I have the ground cable connected at the right motor mount and then bolted to the back of the timing chain cover. Is this correct? I think it is... this is where it was before i took the engine out and apart for the rebuild.

I also noticed that the coil is getting red hot... and I mean, i can't keep my hand on it. I don't ever remember this happening before. Which brings me to another question: I have a small wire, bolted onto the "plus" + outlet on top of the coil that goes to the top of the distributor. I also have a wire that bolts onto the minus - spot on top of the coil that appears to go into the wiring harness (no clue where). Is this correct? I think it is.... i just want to make sure.
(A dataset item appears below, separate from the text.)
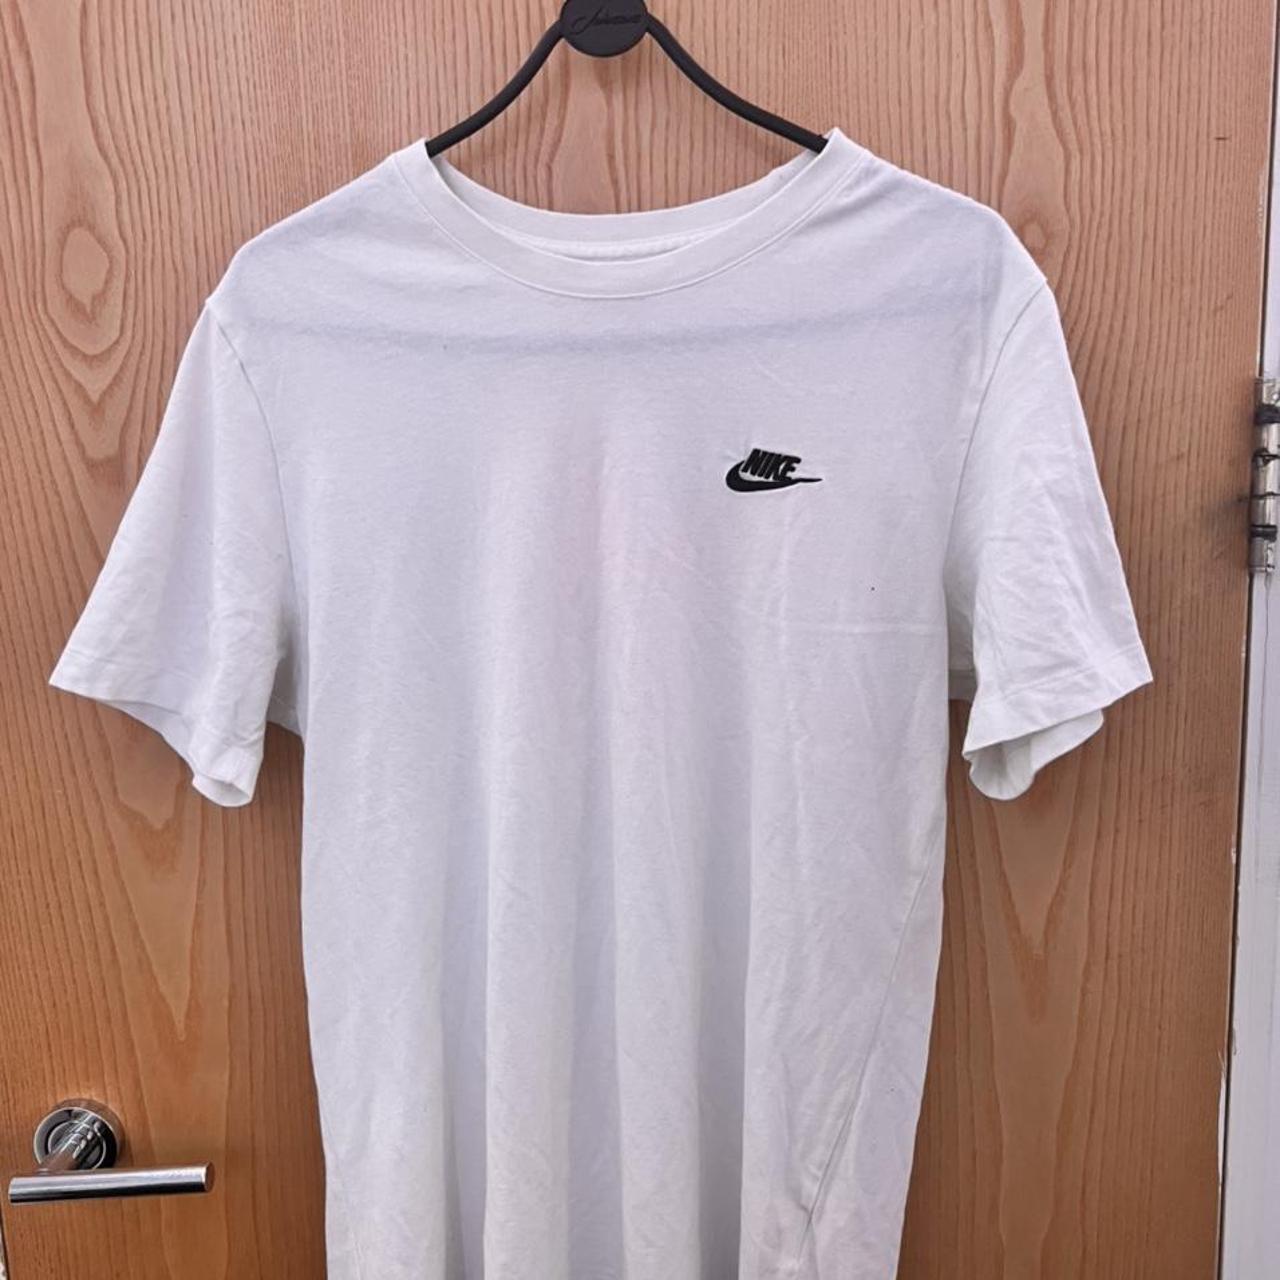 The Nike tee t-shirt - M. Never worn, just want it... - Depop

So.... anyone have any guesses as to why this won't kick the starter motor over? i'm up for anything. after 4 hours of checking all over the place... i'm lost.
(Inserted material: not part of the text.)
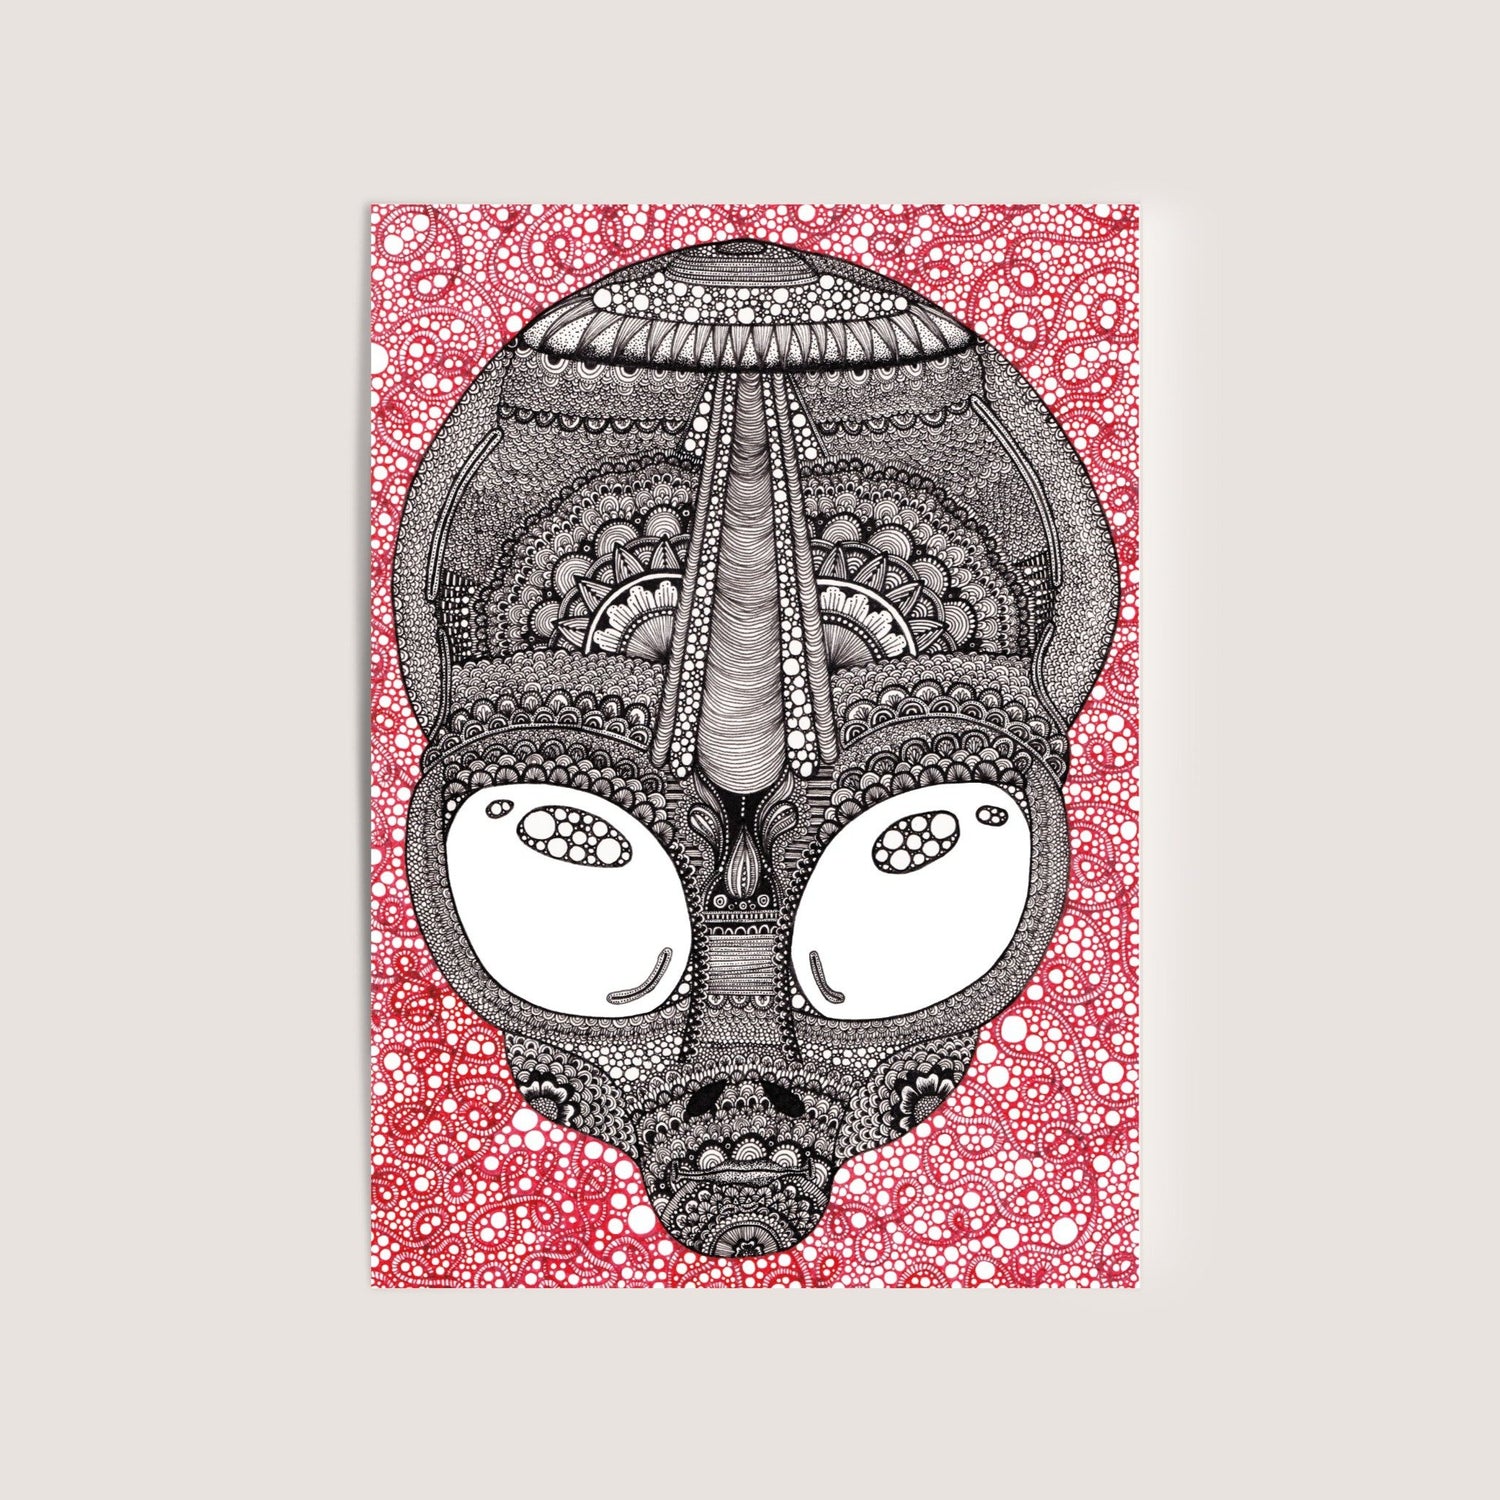 Alien Head, Extraterrestrial Mini Print Postcard. Gift for Sci-fi and Space Lovers, artwork by Jenny Pond

thanks everyone! i'm almost there.... it wouldn't have been complete without an electrical issue.
 
Country flag
Online
Lets try this and rule out the soleniod first. Does your soleniod have the rubber cap on the opposite side of the cable connections. If so, with car out of gear, push in on the rubber cap. Hopefully the starter will engage. If so then the electrical coil inside the soleniod is bad. If it doesn't do anything, still with car out of gear. Take a flat blade screwdriver and put it between both connection points of the soleniod where the cables connect.. You will have some sparks but if the starter doesn't engage then, the soleniod is bad.
marv
 

Geo Hahn

Yoda
Country flag
Offline
...slight problem: starter motor won't engage...

Are you saying it spins but does not engage? Or do you just get a click from the solenoid and nothing from the starter itself?

If your car is still positive ground then what you describe at the coil sounds right -- distributor (contact breaker or CB) lead from the positive post to the distributor (would have originally been white/black) and harness lead (would have originally been white) to the negative (switch or SW) post on the coil.

But... the coil should not get 'red hot' if all you are doing is trying to crank the engine so something sounds amiss. I would disconnect one of the wires on the coil for now while you work through the tests that Marv has described. The coil issue is something separate so work one thing at a time.
 

TR3driver

Great Pumpkin - R.I.P
Offline
What coil do you have? Most cars (that take that style of coil) require a 1.5 ohm coil; but the TR3 requires a 3.0 ohm coil. If you accidentally got a 1.5 ohm, it will be dissipating about 4 times as much power as designed, which will indeed get it very hot.

Your coil wiring sounds OK, but there is really no way to get it so wrong that the coil will overheat like that. The wire from the '+' terminal should go through an insulator on the side of the distributor, where it eventually gets connected to ground by the points. The wire from the '-' terminal runs through the wiring harness to the top of the fuse block, then to the ignition switch on the dash.

Oh, in case it's not clear, that thing below the voltage regulator, with thick cables going to the starter and to the battery, is called a "solenoid". Essentially just another word for "relay", what it does is allow a relatively small current through the starter pushbutton (about 1 amp) to control the much larger current that the starter motor requires (as much as 700 amps depending on conditions).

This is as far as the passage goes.